Unlike the hamster wheel of buying ads, requiring constant feeding, a marketing flywheel will get you in motion and keep you in motion.
Do you feel like you’re on a marketing hamster wheel? Do you have to apply constant pressure to your marketing and sales in order to keep your business afloat? Are you constantly shoveling money into social media ads and search ads, but you aren’t seeing much of a return? Is this how your marketing strategy feels:
You aren’t alone. Lots of people are promised the moon when it comes to spending money on ads and other “quick and easy” schemes, but the truth is that marketing isn’t as simple as buying a bunch of ads and watching the customers roll in. Sounds like you need to get your flywheel going!
I’m going to explain why just making noise doesn’t work anymore and what you should do instead to get off of that constant marketing hamster wheel.
First, forget that funnel
I’m sure that someone along the way told you to “build your marketing funnel.” In the language of marketing, a marketing funnel looks something like this:
That’s very simplified, but, essentially, the thinking behind a marketing funnel is that the more people you have that are aware at the top of the funnel, the more people will make it down to the purchase part.
This would be awesome, but it just doesn’t work that way. In fact, as you’re starting to realize, this is what the funnel actually looks like:
The reason that it’s not working as well as promised is that the modern-day customer journey doesn’t follow the whole funnel idea. It’s not that linear. In fact, depending on the purchase, it may look more like this:
The ZMOT at the bottom left of this journey stands for the Zero Moment of Truth, an acronym coined by Google. Prior to the internet, most marketing strategies were built off a mental model that included 3 moments:
The Stimulus was the moment that the consumer decided they needed the product.
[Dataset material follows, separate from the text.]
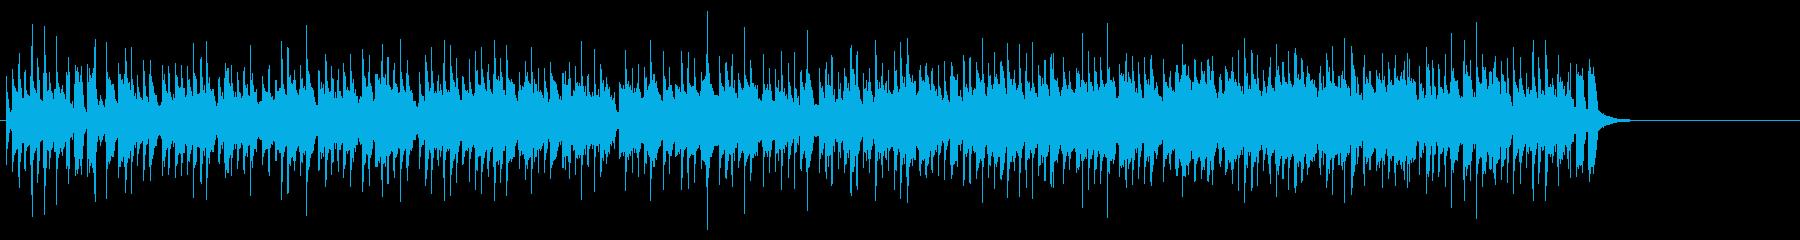 ファンキーで開放的なオープニング・テーマの再生済みの波形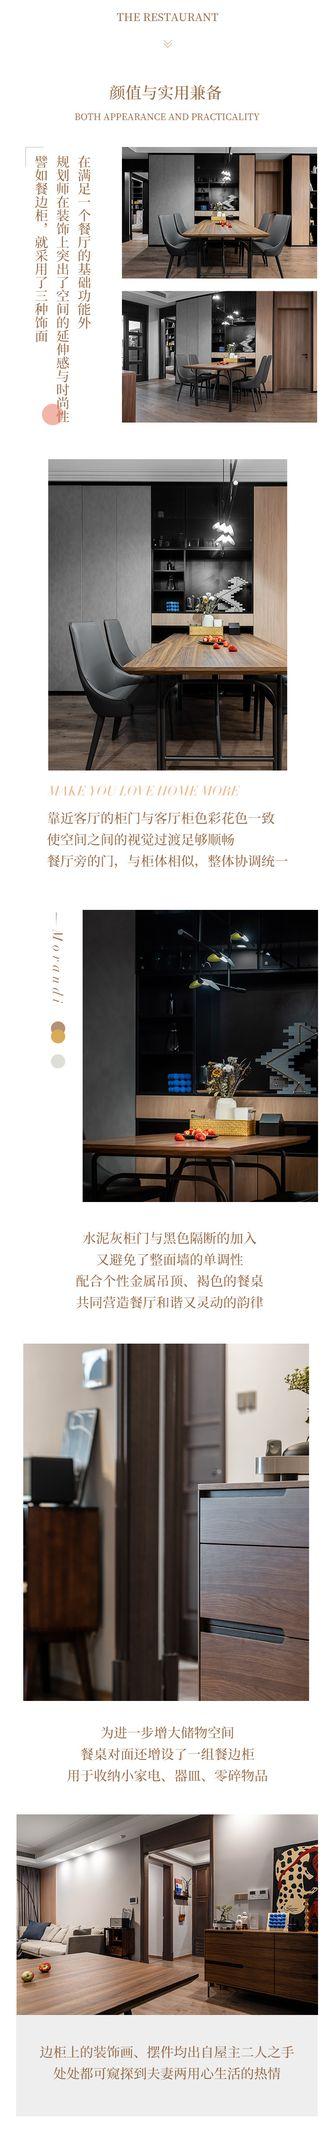 现代简约风格餐厅欣赏图

It could be anything from your car breaking down to seeing an ad on TV.
The First Moment of Truth (FMOT) would be the consideration phase of the customer journey. In the case of the car, this would be going to the various dealers and looking at your options. Even if you were swayed to buy something you saw in an ad, you’d still head to the store and take a second look (and maybe even compare the product to competitors).
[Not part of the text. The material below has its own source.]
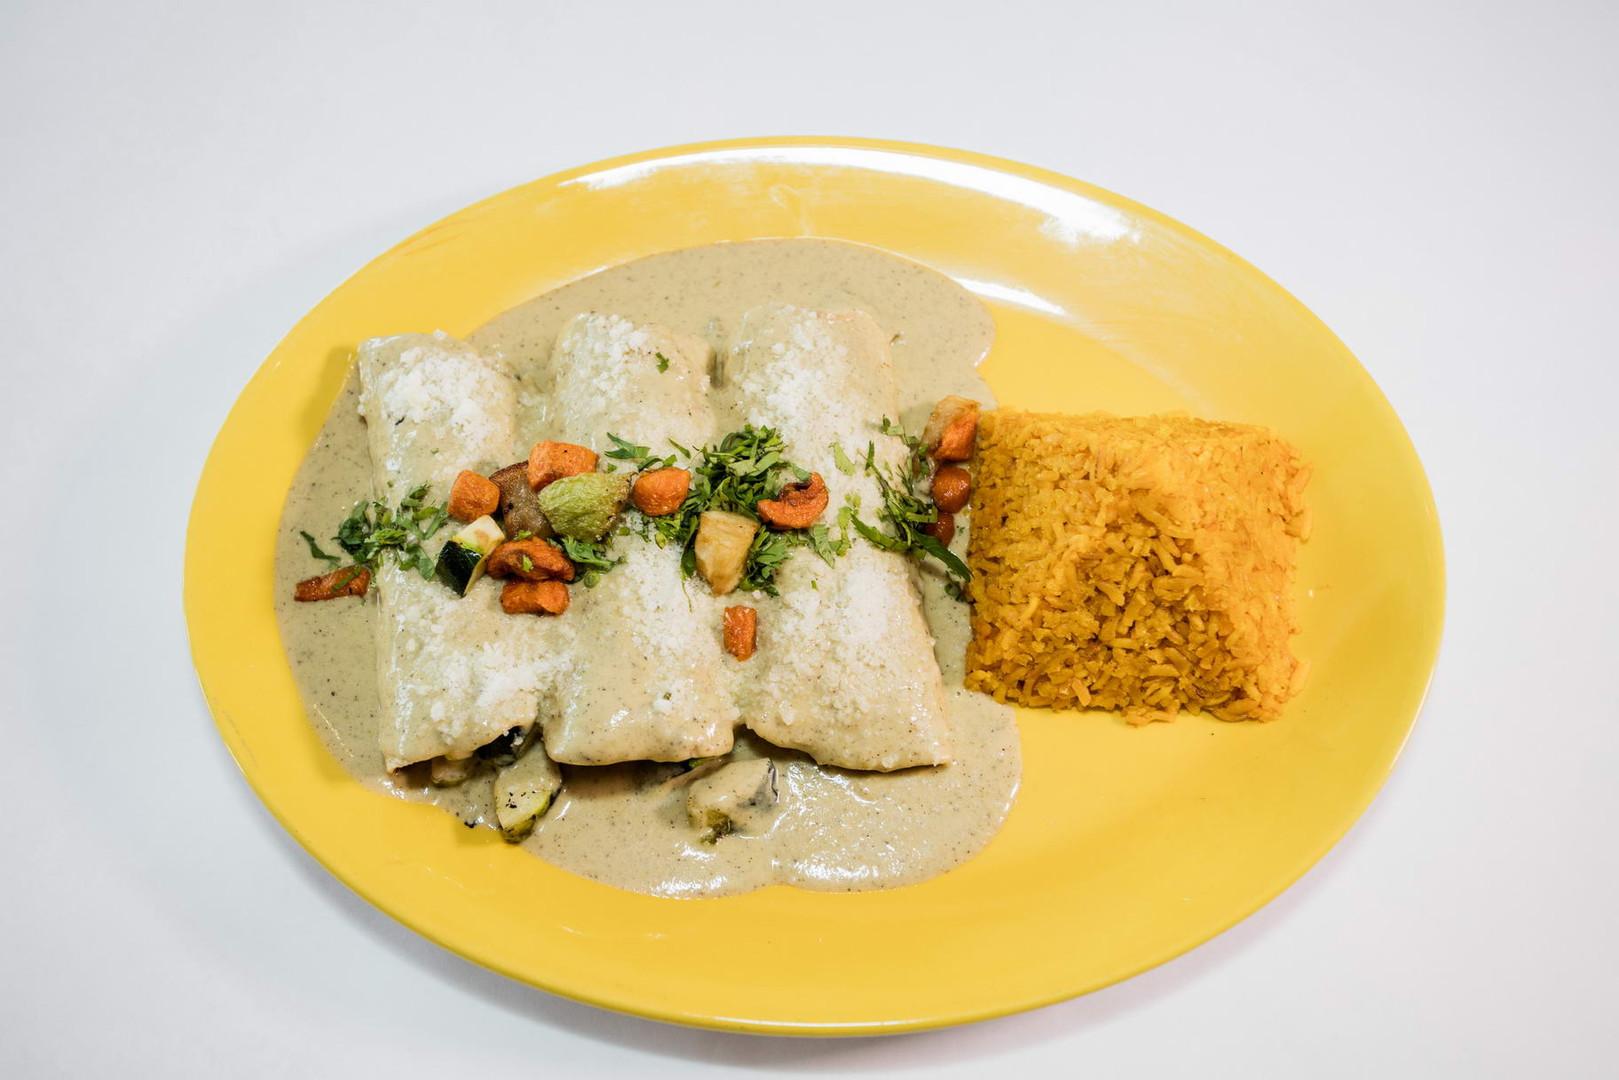 enchilada vegetariano_6_resize.jpg

The Second Moment of Truth (SMOT) was your experience with the product. Did you feel good about your decision to buy that car after owning it for a while? How about that product you saw in the ad?
As a marketer, you’d be very interested in creating more stimuli to pique interest. The sales team would be in charge of the FMOT, moving the consumer from consideration to decision. Customer service and the product designers were mostly responsible for the SMOT.
But then the internet came along and screwed all of this up and we got a Zero Moment of Truth (ZMOT):
Now, when someone wants to buy a car or sees an ad for a nifty new product, the consumer goes on a whole new journey, which brings me back to this diagram:
Depending on the complexity or cost of a purchase, they can spend months and have hundreds of touchpoints before they get to the decision. Just look at this case study from Google on one person’s journey to buy a car:
900 digital touch points!!!
Having recently decided to purchase our leased vehicle rather than getting a new lease (a Mini Clubman we love – our SMOT is strong!), I can confirm that this is not a ridiculous number. I went back through my search history and there were over 130 Google searches…and we were just deciding whether we’d keep our car.
So, yeah, don’t think that expanding awareness is going to push any more people down a fictional funnel.
Next, understand your leading and lagging indicators
Most businesses, especially small and mid-sized businesses, are terrible at goal-setting. Disastrously terrible! Catastrophic!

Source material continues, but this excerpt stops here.